Zulip Chat Archive
Stream: lean4
Topic: kernel error caused by metavariables in mkAuxTheorem
Eric Wieser (Oct 07 2025 at 15:07):
Reduced from #lean4 > Kernel error in list index notation :
import Lean
import Qq
open Qq
run_meta do
have l : Q(True) := ← Lean.Meta.mkFreshExprMVar q(True) (kind := .syntheticOpaque)
withLocalDeclQ `h default q(True ∧ let := $l; True) fun x => do
let e : Q(True) := q(($x).2)
Lean.logInfo m!"before: {e}"
-- works fine without this line
let e ← Lean.Meta.mkAuxTheorem q(True) e (zetaDelta := true) -- or false, not really relevant
Lean.logInfo m!"after: {e}"
gives
info: before: h.right
---
info: after: _proof_2 h ?m.1
---
error: (kernel) declaration has free variables '_private.«external:file:///MathlibDemo/MathlibDemo.lean».0._proof_2'
where the hover info for _proof_2 is
_proof_2 : (True ∧
let this := _fvar.1002;
True) →
True → True
docs#Lean.Meta.mkAuxTheorem doesn't really make any strong promises about this in its docstring, but the module docstring claims:
This module provides functions for "closing" open terms and creating auxiliary definitions. Here, we say a term is "open" if it contains free/meta-variables.

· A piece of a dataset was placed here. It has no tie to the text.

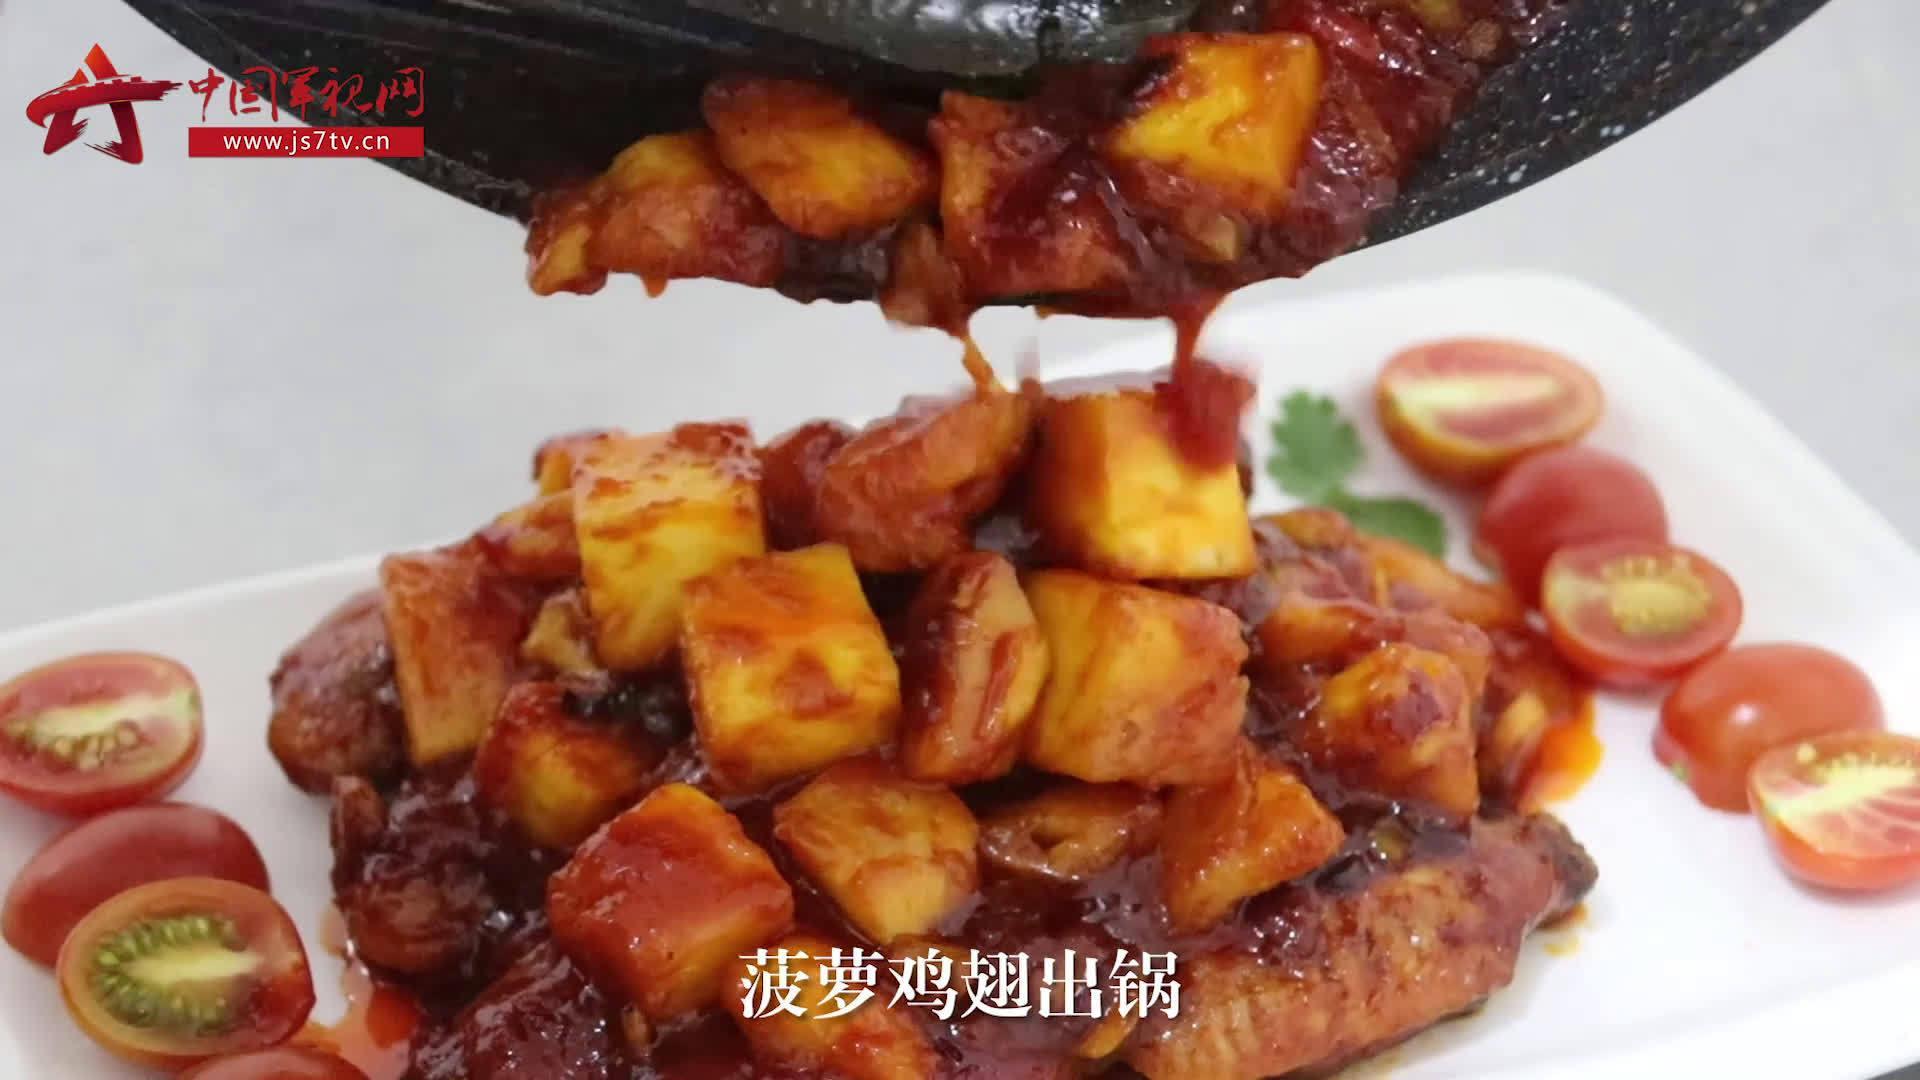 菠萝配鸡翅 夏天必吃的开胃菜

which suggests that the metavariable should be handled
(Edit: filed as lean4#10705)
Eric Wieser (Oct 07 2025 at 15:07):
(Apologies for the Qq usage, building the term is more annoying without; but I don't think Qq is implicated here)
Eric Wieser (Oct 07 2025 at 16:50):
My hunch is that:
let newLocalDecls := s.newLocalDecls.reverse ++ s.newLocalDeclsForMVars
let newLetDecls := s.newLetDecls.reverse
let type := mkForall newLocalDecls (mkForall newLetDecls type)
let value := mkLambda newLocalDecls (mkLambda newLetDecls value)
is to blame, and in fact newLocalDeclsForMVars, newLetDecls, and newLocalDecls need to be interlaced in the order they are discovered
Eric Wieser (Oct 07 2025 at 18:24):
I think lean4#10704 is enough to resolve the notation overloading issue in the other thread, but leaves behind a performance bug in place of the behavior bug
Last updated: Dec 20 2025 at 21:32 UTC